Digital counterparts of famous politicians and actors are under the full control of the "puppeteer". Illustration: University of Washington, 2015
3D-graphics programs, coupled with neural networks, have reached such quality that the fake video is almost indistinguishable from the present. Soon it will not be possible to say with certainty that the person on the TV screen is a real politician, not a computer simulation.
In December 2015, scientists from the University of Washington presented the technology of "digital twins" : the creation of "living" 3D models from hundreds of photographs of one character. On celebrities and politicians on the Internet collected a huge photo archive. The program creates a model, and that is like a doll on a string - it can be controlled as you please, give different facial expressions, pronounce any speech with your lips.
Now, on the eve of the computer graphics conference SIGGRAPH 2017, the same group of researchers has published a new scientific paper with an advanced version of “digital counterparts”.
Now, when teaching the program, not only photos, but also videos are used, so that the training has become much more effective.
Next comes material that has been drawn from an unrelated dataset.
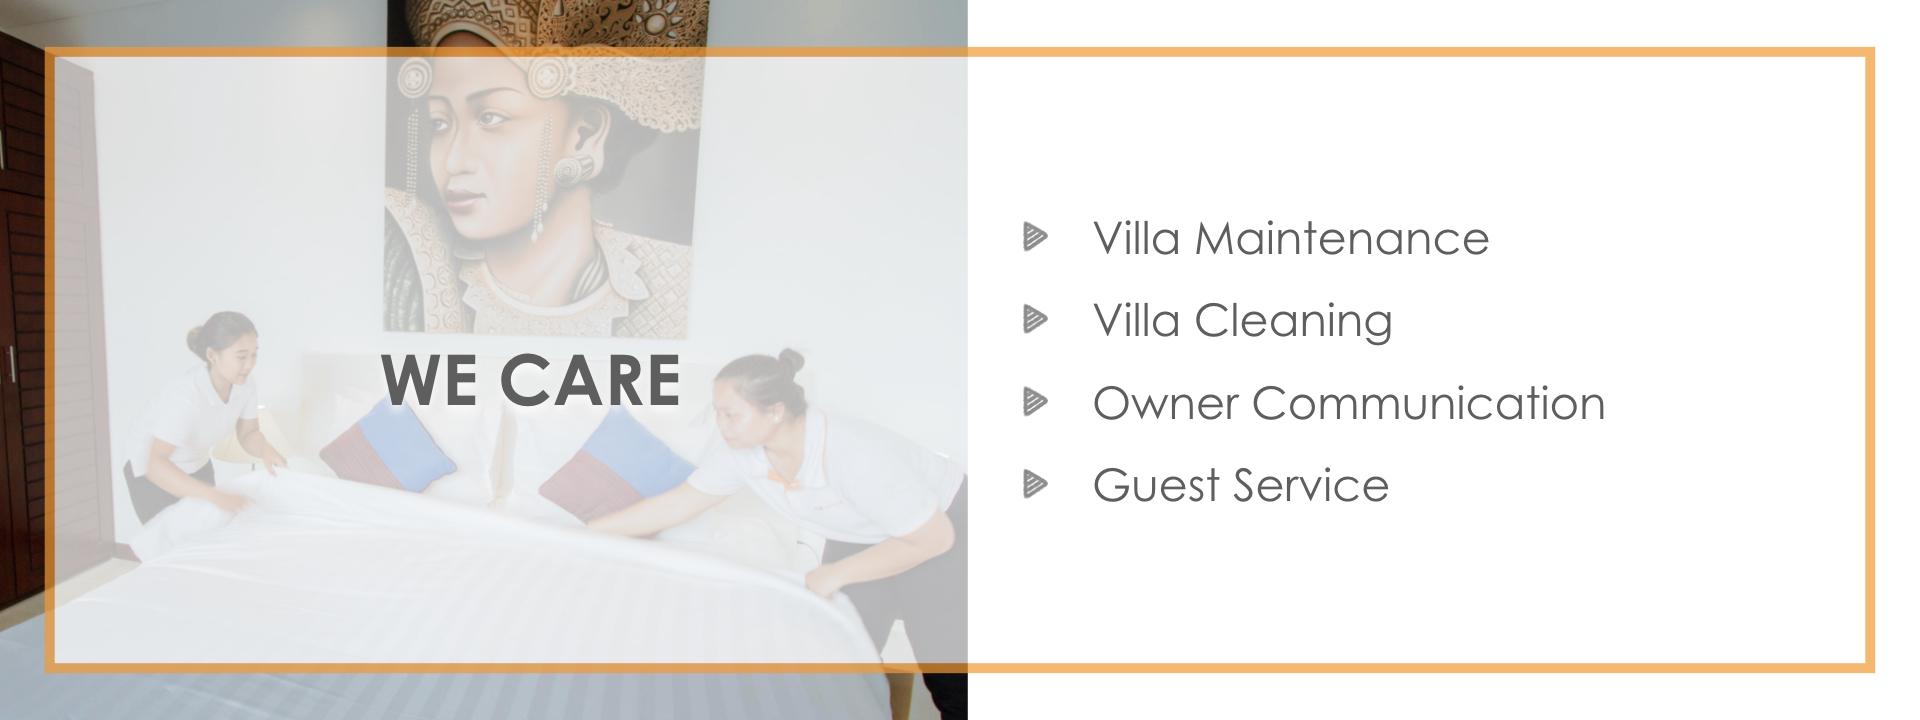 Bali Management Villa and Property Maintanance.jpg

To demonstrate the technology, scientists have chosen a famous character - the former American President Barack Obama. This is a good choice, because on the Internet a huge amount of HD-footage with it. Millions of video frames are available for learning neural networks.
The neural network studied in detail the features of Obama's mimicry: lip movements with each sound, the appearance of wrinkles near the eyes, changes in the shape of the eyebrows and tilt of the head. The mimicry of the experimental character was associated with the sounds that he utters: the neural network processed not only frames of video clips, but also sound tracks to them.
Thus, a weak AI learned to synchronize facial expressions and lip movement with any arbitrary speech that researchers provide to the input of a neural network.
In the teaser for the scientific work, real videos of Obama's speeches are compared with the result synthesized by the neural network.
It should be noted that the synthesized result is noticeably different from the original, but it still looks very realistic.
Researchers emphasize that in the past, to get "digital twins", people were forced to repeat the same phrases in front of cameras many times to record all combinations of morphemes and facial expressions. Now it can be done on publicly available video. True, not every person on the Internet has enough videos to fake his personality, but over time, users solve this problem themselves by uploading gigabytes of their photos and videos to social networks.
From a practical point of view, this technology will also be used. For example, one of the co-authors of the scientific work, Ira Kemelmacher-Shilzerman (Ira Kemelmacher-Shlizerman) says that she will improve the quality of video conferences by synthesizing the missing frames if they fall out of the video stream. If the sound goes smoothly and the video lags, then such a synthesis will complement the picture or increase its resolution. Of course, technology can be used in computer games and virtual reality, if the player communicates with a virtual character. Now the speech of a virtual character will become more realistic, and it can be a digital copy of some real person. For example, you can “revive” any historical person from the recent past only from his audio recordings. Of course, creating fakes for political purposes will be easier. If now they are molded in Photoshop and are thrown on the social network , then in the future fake videos will be shown on TV.
Authors recognize that the technology while works imperfectly. For example, if Obama turns his face from the camera a little, then parts of his mouth may separate from his face and overlap with the background. But these are minor errors that can be corrected by additional training of the neural network.
Another drawback of the model created is that it does not model emotions. Facial expressions are absolutely neutral and almost always the same. Thus, in some cases, the digital twin loses its realism: his expression of the face seems too serious for the frivolous words that he utters. Or vice versa - too frivolous for very serious speeches. However, such incidents happen to real politicians in real life.
The created technology is similar in principle to the work on the program for creating digital twins Face2Face , where facial expressions and the speech of one person are transferred to the face of another. In their scientific work, the authors from Washington compare the results of their neural network with the program Face2Face. They explain that in the case of Face2Face, a video stream is always required for imitation, and their model works only by sound recording.